Yes they do...Wish they were not so expensive. :beer:


----------



## Captain Ahab (Aug 15, 2008)

I think you mean St. Croix legend Elite


----------



## Jim (Aug 15, 2008)

Captain Ahab said:


> I think you mean St. Croix legend Elite



no doubt those are excellent rods (a bit heavy..but Im strong). 

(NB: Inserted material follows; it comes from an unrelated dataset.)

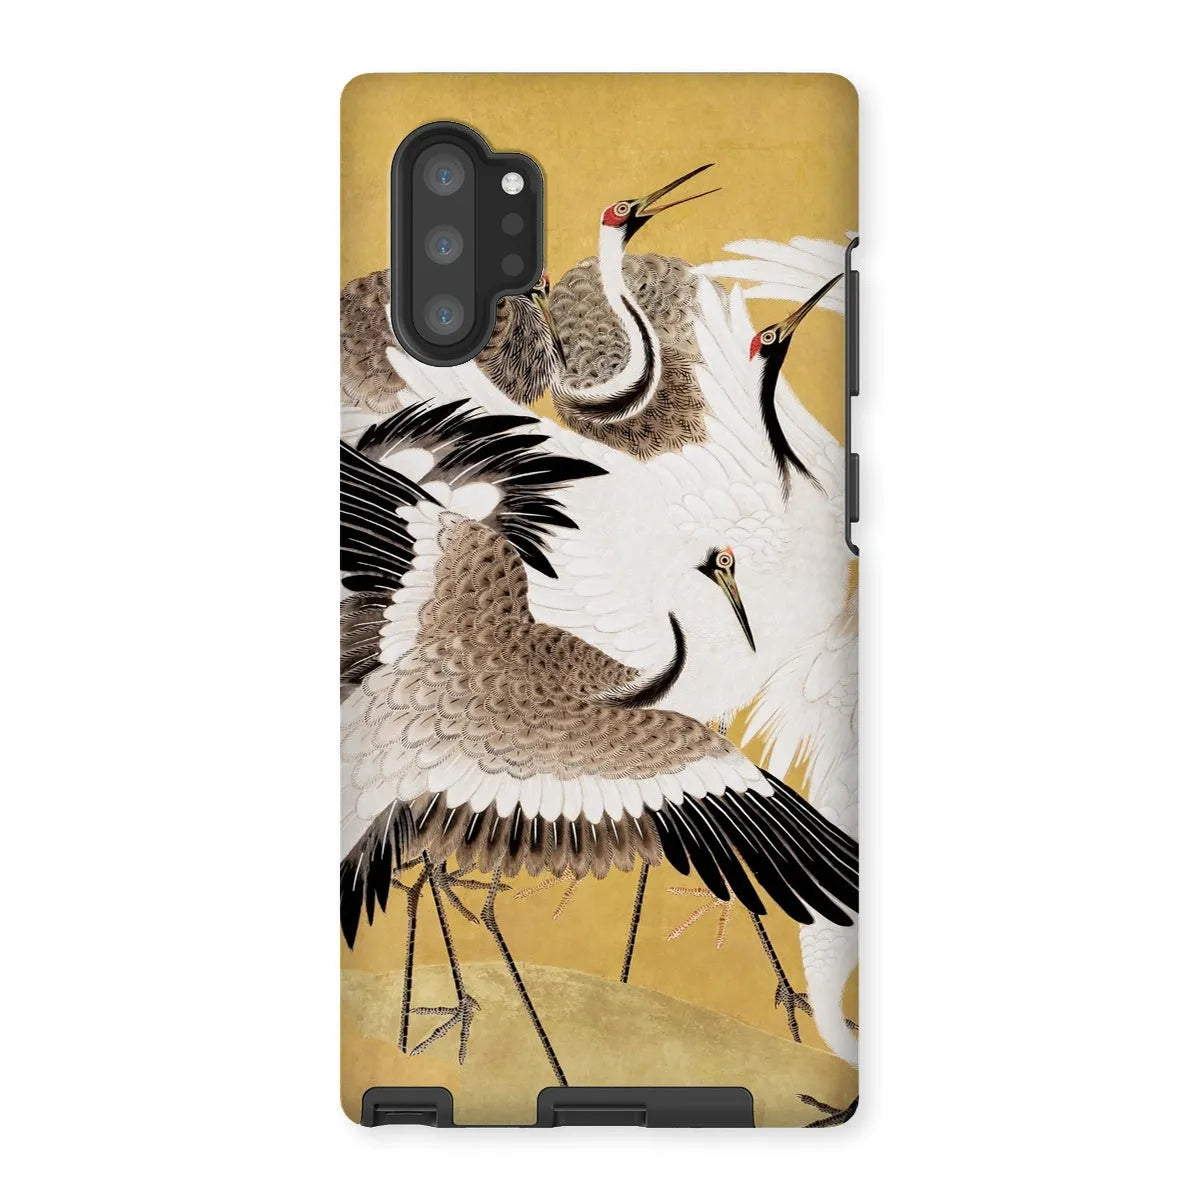 Flock Of Cranes Japanese Bird Art Phone Case - Ishida Yūtei - Samsung Galaxy Note 10p / Matte - Mobile Phone Cases
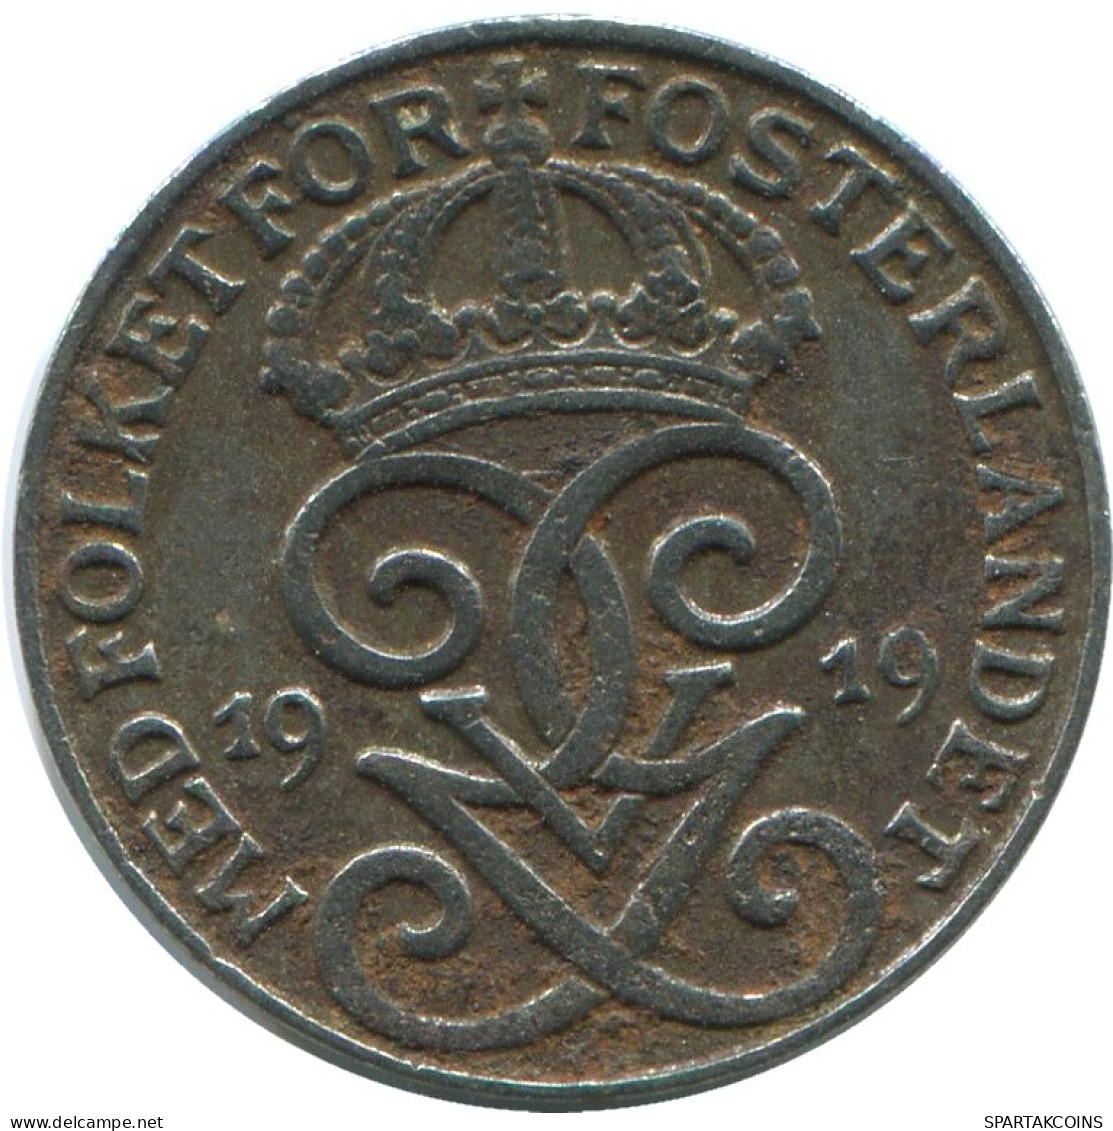 1 ORE 1919 SWEDEN Coin #AD156.2.U.A - Sweden

But the GLX is THE standard all others are judged by. I used to make fun of a buddy who would only fish IMX and GLX Loomis rods. Then I purchased one......Now I have two. No more in my future unless I get a super deal on them.


----------



## redbug (Aug 15, 2008)

I just got 4 lloomis rods in the mail last week i used the expediter serice to replace a few broken rods. so now i'm back t my normal supply of 15 loomis they are awesome rods for sure

Wayne


----------



## Jim (Aug 15, 2008)

redbug said:


> now i'm back t my normal supply of 15 loomis they are awesome rods for sure
> 
> Wayne



:LOL2: Disgusting.....simply Distgusting :beer:


----------



## Nickk (Aug 15, 2008)

redbug said:


> I just got 4 lloomis rods in the mail last week i used the expediter serice to replace a few broken rods. so now i'm back t my normal supply of 15 loomis they are awesome rods for sure
> 
> Wayne




sweet lord!


I have a GL3 that's kinda lame, I have a crankbait blend that I built that sweet; then I got the GLX. I got a smokin' deal on it, $200.00 new in the wrapper. I'm ruined now.


----------



## Jim (Aug 15, 2008)

Nickk said:


> redbug said:
> 
> 
> > I just got 4 lloomis rods in the mail last week i used the expediter serice to replace a few broken rods. so now i'm back t my normal supply of 15 loomis they are awesome rods for sure
> ...



Nice score! I got my one of my GLX's for $220 shipped from Tacklewarehouse a couple years back.


----------



## Captain Ahab (Aug 15, 2008)

Jim said:


> Captain Ahab said:
> 
> 
> > I think you mean St. Croix legend Elite
> ...



Heavy???

My Legend Elite weighs 3.4 oz. It is super light and super GREAT!


----------



## Jim (Aug 15, 2008)

Your not listening to the sarcasm in my internet forum voice? :mrgreen: 


Type in St croix legend elite vs GLX and it becomes a Ford Vs Chevy, Pepsi vs Coke debate.


----------



## Captain Ahab (Aug 15, 2008)

What do vehicle manufactures and soft drinks have to do with how great my St. Croix is?

    

:lol: :lol: :lol: 

:mrgreen: :mrgreen: :mrgreen:


----------



## Nickk (Aug 15, 2008)

I want one of those Legend Tournament sticks, the blue color is killer. I have Legend Ultra, a 6-weight fly rod(close out price when the IPC came out).


----------